TASTING NOTES:
Extremely perfumed with dark-berry and currant aromas. Hints of earth and spices. Full-bodied, round and medium sweet. Hints of resin. Opulent yet restrained. Shows ripe and beautiful fruit with clarity. Try in 2025.
– James Suckling, 97 pts
This unfurls with mouthwatering licorice snap, fruitcake, apple wood and violet notes, followed by a wave of mouthfilling plum, blackberry and fig paste flavors. This is packed but well-defined, and the energy allows the fruit to ripple through the long finish. Best from 2035 through 2055
– Wine Spectator, 97 pts
Juicy, luscious and with excellent ripe fruit, this is a balanced wine with a fine future. Its tannins are almost sweet to match the sweetness of the berry fruits. As it ages, this will be a lovely wine. Drink from 2027.
– Wine Enthusiast, 95 pts
The 2016 Vintage Port is a field blend that was set to be bottled about a week after this tasting. It was the final blend, aged for 20 months in wood. It comes in with 104 grams of residual sugar. Tight, powerful and very intense, this is a big boy with the firmness you expect from fine Vintage Port, although the Fonseca is even more powerful. Showing good concentration and a fresh, lifted finish too, this is impressive at the outset. Initially, I was wowed by this. A few more tastes with more air made me think I’d like to see it prove some things in the cellar.
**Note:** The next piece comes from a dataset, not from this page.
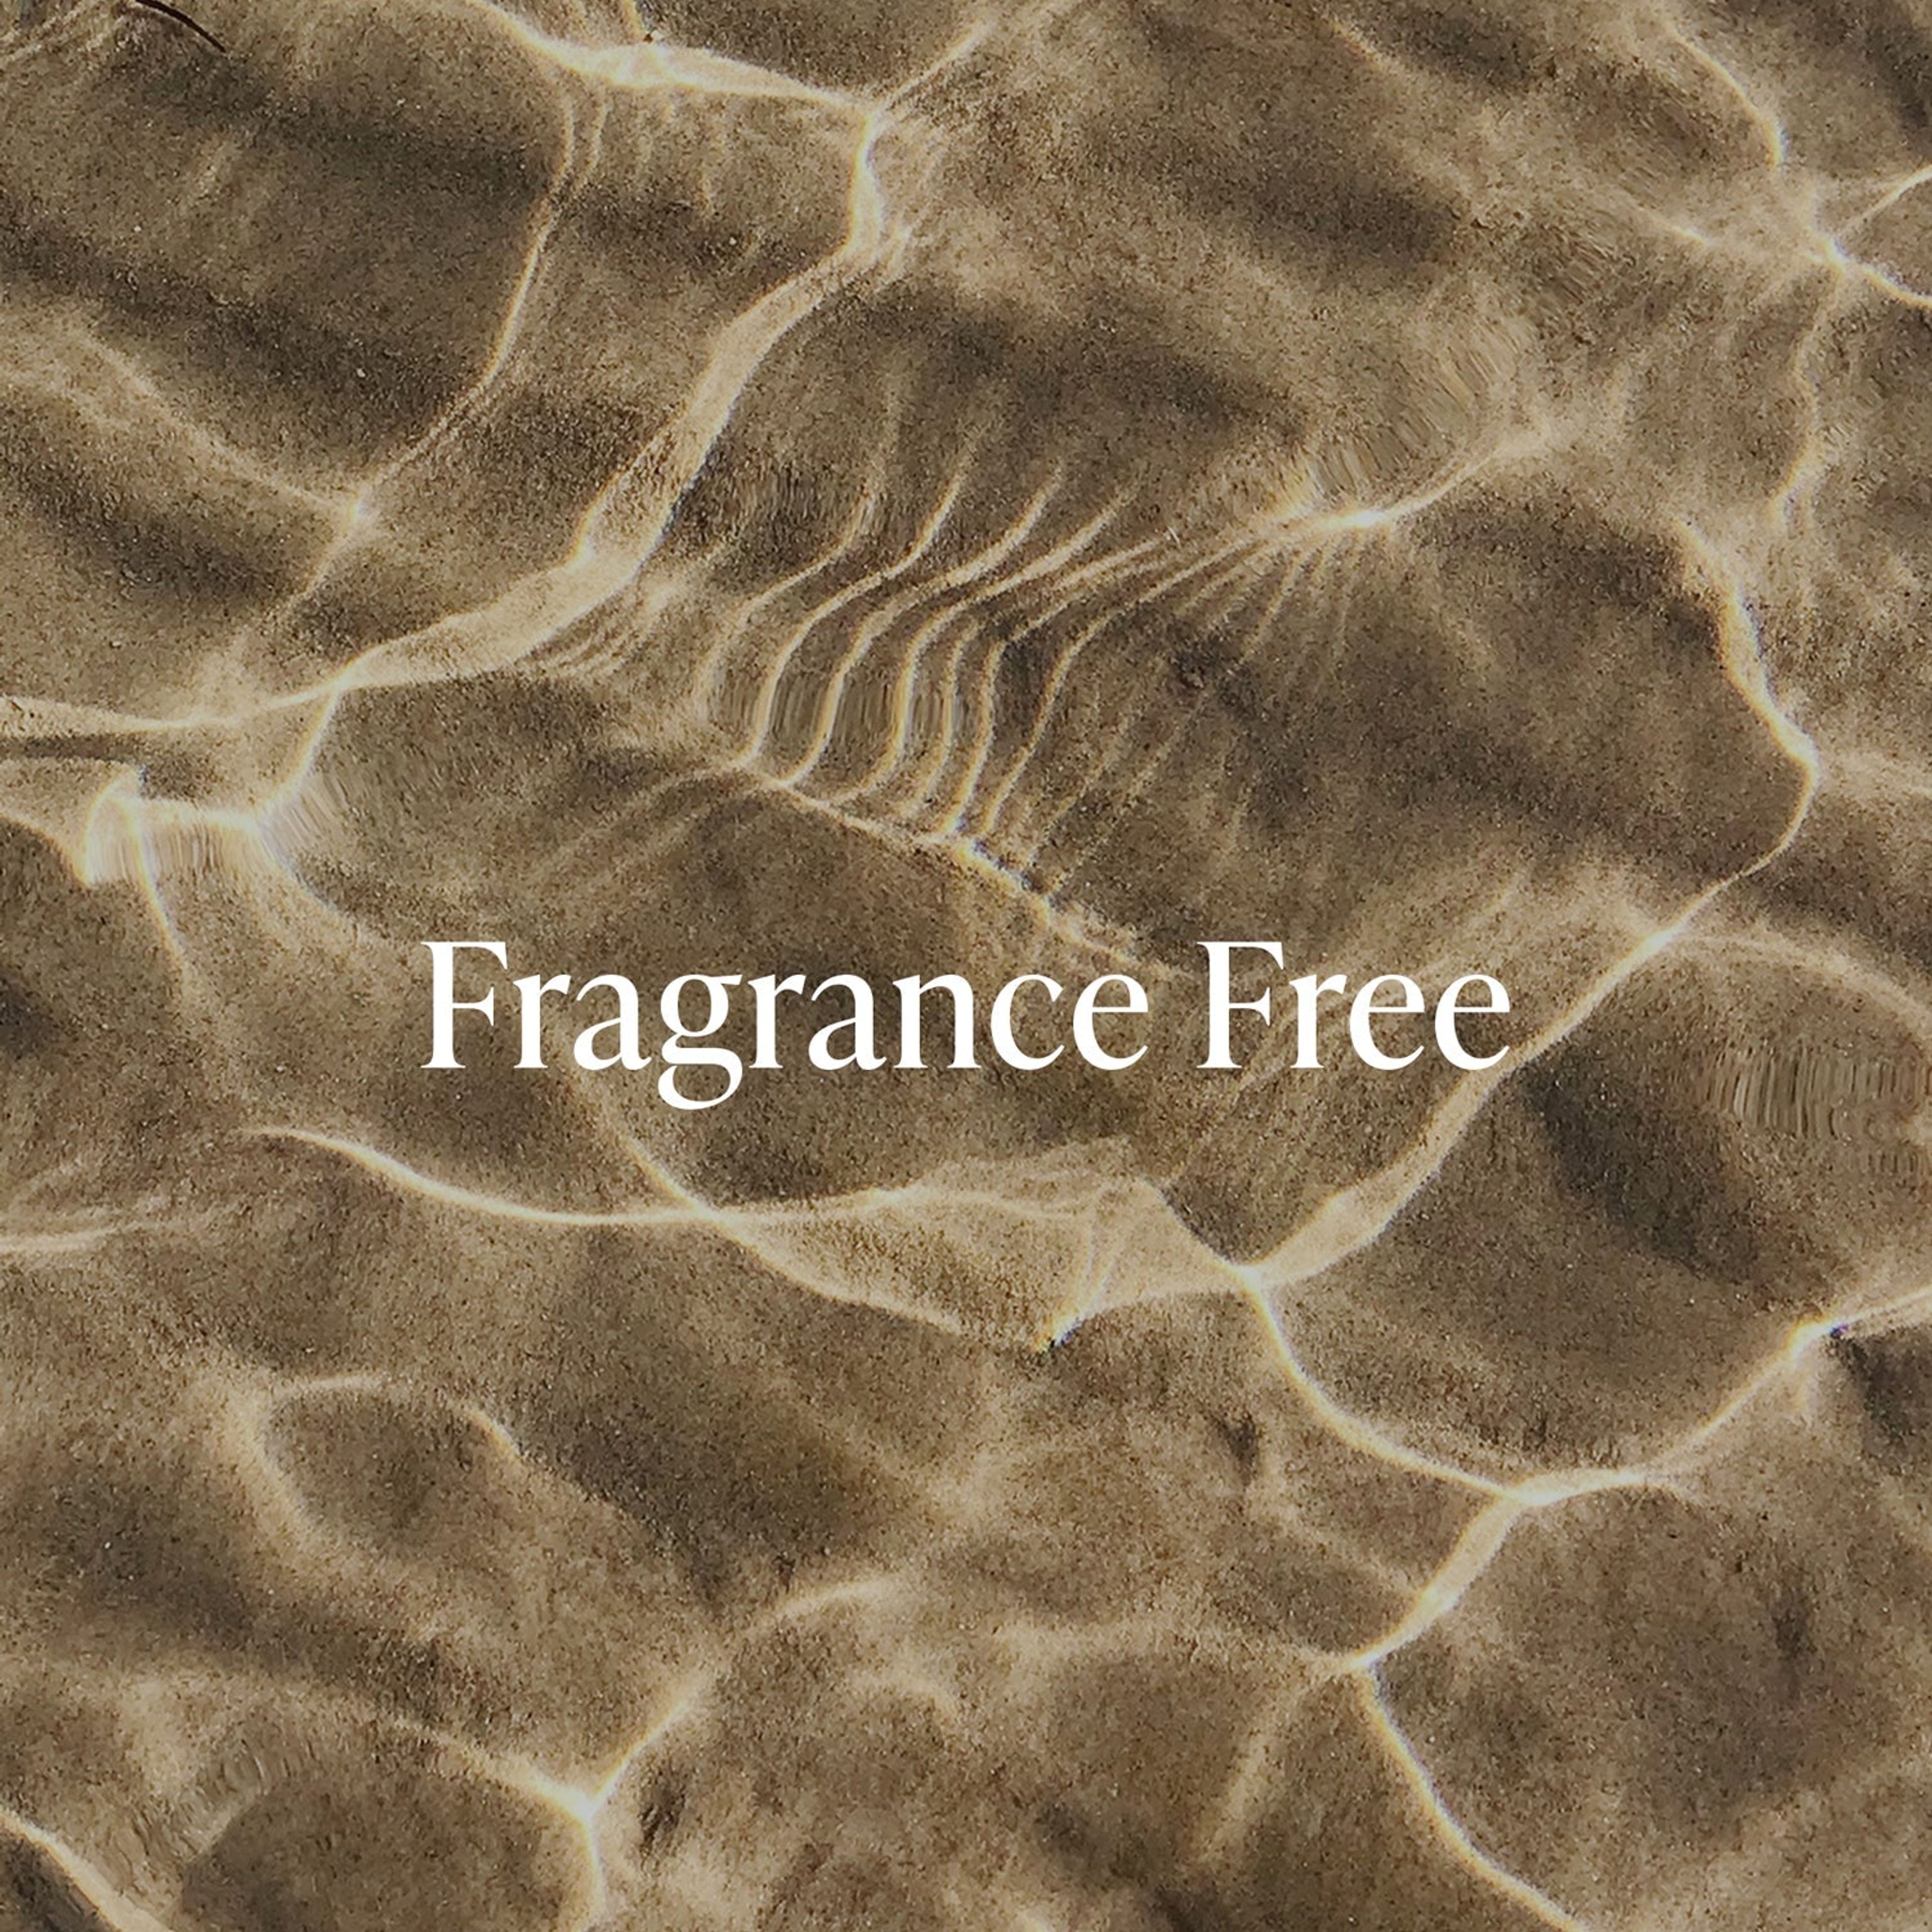 Fragrance Free - Travel Size Body Wash

It’s not hot, but it seems a bit more alcoholic than its Fonseca and Taylor siblings. Still, there’s a long way to go before making a final call. As noted, this is very tight, not nearly as approachable as many 2016s are in this relatively restrained year. It won’t sear your mouth with tannins—they are not TOO hard—but you are going to have to cellar it a while to allow it to acquire more complexity and more harmony. I’m not quite convinced this will ever become as attractive as Taylor and Fonseca in this vintage, though.